The uniformed sergeant to whom Harrington had been speaking was sitting on a garden bench, reading through her notes. She looked up as Cox approached. Recognized her – stowed her notebook, got to her feet.

‘Ma’am.’

‘Sergeant – Adeola, right?’

‘Yes, ma’am.’

‘DI Cox, CID. You should know that SOCO are on their way, sergeant – let me know if our friend from Whitehall gives you any trouble. And for God’s sake, get him a pair of latex gloves and some bags for his feet.’

‘Will do, ma’am.’

‘Harrington said it was a neighbour that called in the body?’

‘That’s right, ma’am.’ Adeola snapped open her notebook. ‘A Mr Jefferies. Number 54. Reportedly saw the body and dialled 999.’

‘And asked for the police? Not an ambulance?’

‘I thought that was funny myself, ma’am. But I guess Mr Radley being who he was, Mr Jefferies thought the police ought to know.’ She shrugged. ‘People make bad decisions in emergencies.’

‘Okay. We’ll come back to that. Now – has anyone talked to the cleaner.’

A blank look.

‘What cleaner, ma’am?’

‘There’s not a speck of dust on that ground floor, sergeant. Kitchen surfaces gleaming, floors swept, wastebins emptied.’

‘Maybe he just enjoyed housework. Some retired men do.’

‘Yes, but it’s a different story upstairs. Clean enough, I suppose – but not a professional job. Mug of tea by the bed, bathroom in need of a scrub.’

‘But no one’s mentioned a cleaner, ma’am.’

‘I don’t suppose anyone’s asked. Who was first on the scene?’

‘I responded to the 999 call. But Mr Harrington was already here when I arrived.’

Cox nodded thoughtfully.

‘Okay. Look, I could be wrong – but have someone look through his papers, call the local agencies. I say there was someone here this morning – someone who only did half a job, because halfway through they came across Bill Radley lying in the back garden with his head caved in.’

‘Then why didn’t they phone it in?
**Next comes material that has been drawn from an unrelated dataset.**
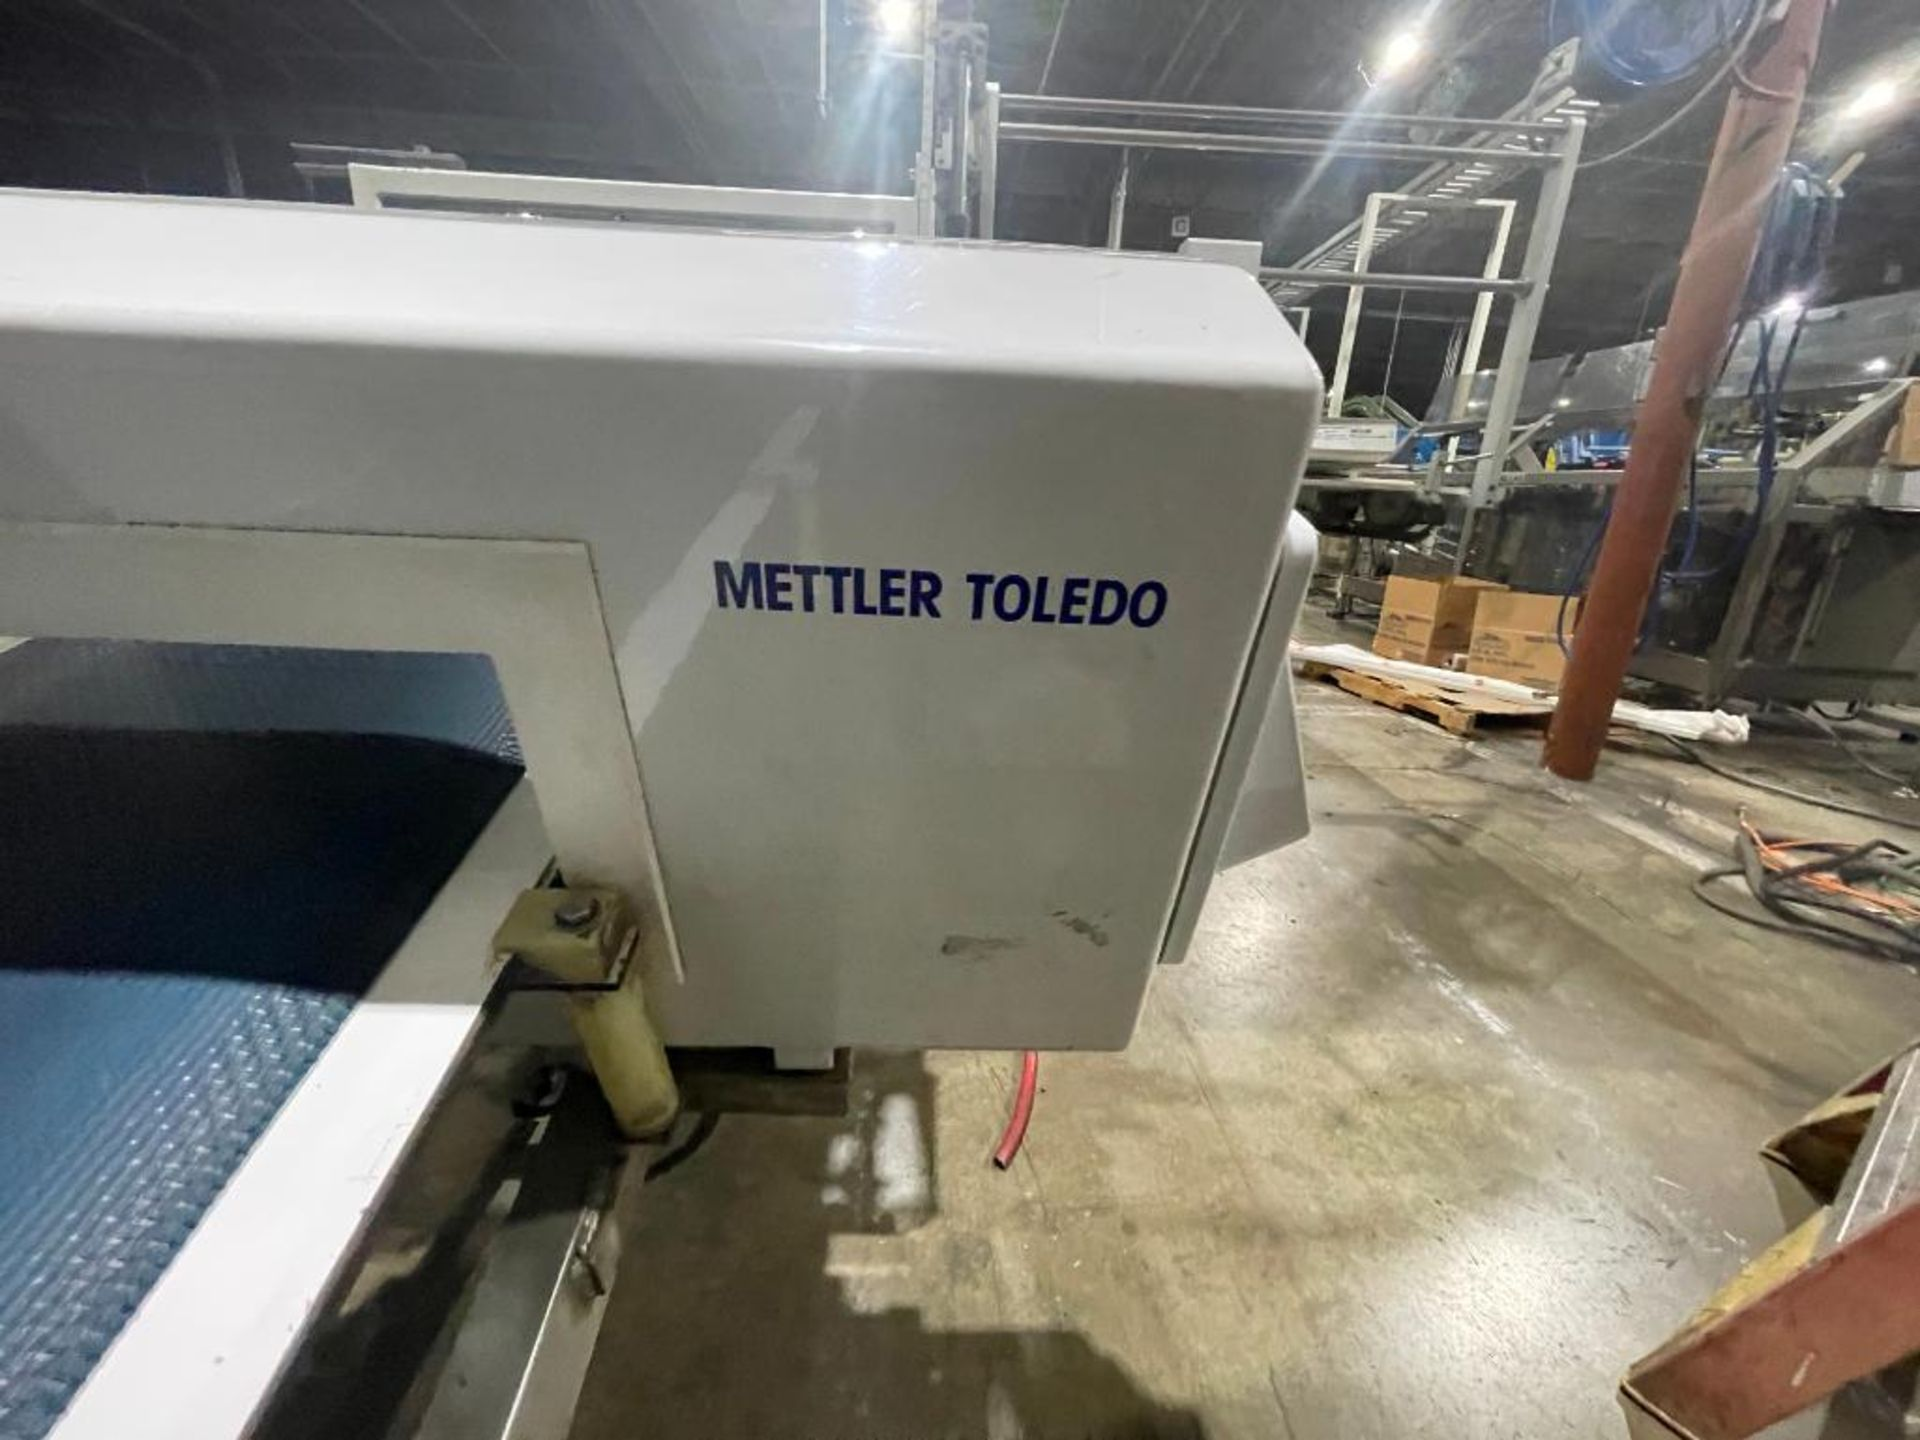 Mettler Toledo metal detector, model V4-1 - Image 5 of 14

Why did they just leave?’

‘That’s what we’re going to find out, sergeant.’ She turned at the sound of footsteps: Harrington, striding towards them across the lawn. A bit pink-faced.

‘Still here, inspector?’

‘Very much so.’ She gave him a hard smile. ‘Just so you’re in the loop, Mr Harrington: I’m about to order a door-to-door, three streets in each direction. Sergeant Adeola, I want full statements – and I mean full – from anyone who’s seen or heard anything, anything at all, that might help us. Keep me posted. I’m going to have a talk with this Mr Jefferies.’

Harrington made an impatient grimace.

‘I’m sure this officer has many more important things to be dealing with,’ he said. ‘Honestly, inspector, don’t you think this is overkill for a straightforward suicide?’

‘It would be, for a straightforward suicide,’ Cox nodded. ‘Now what I need you to do, Mr Harrington, if you can, is put a blackout on this. No press, no media of any kind, nothing on or off the record – total lockdown.’

‘Look, inspector, if you’re trying to make a point –’

‘I’m not trying to make a point.’ Cox cut him off bluntly. ‘I’m telling you this isn’t suicide, straightforward or otherwise. I’m telling you we’re dealing with a murder.’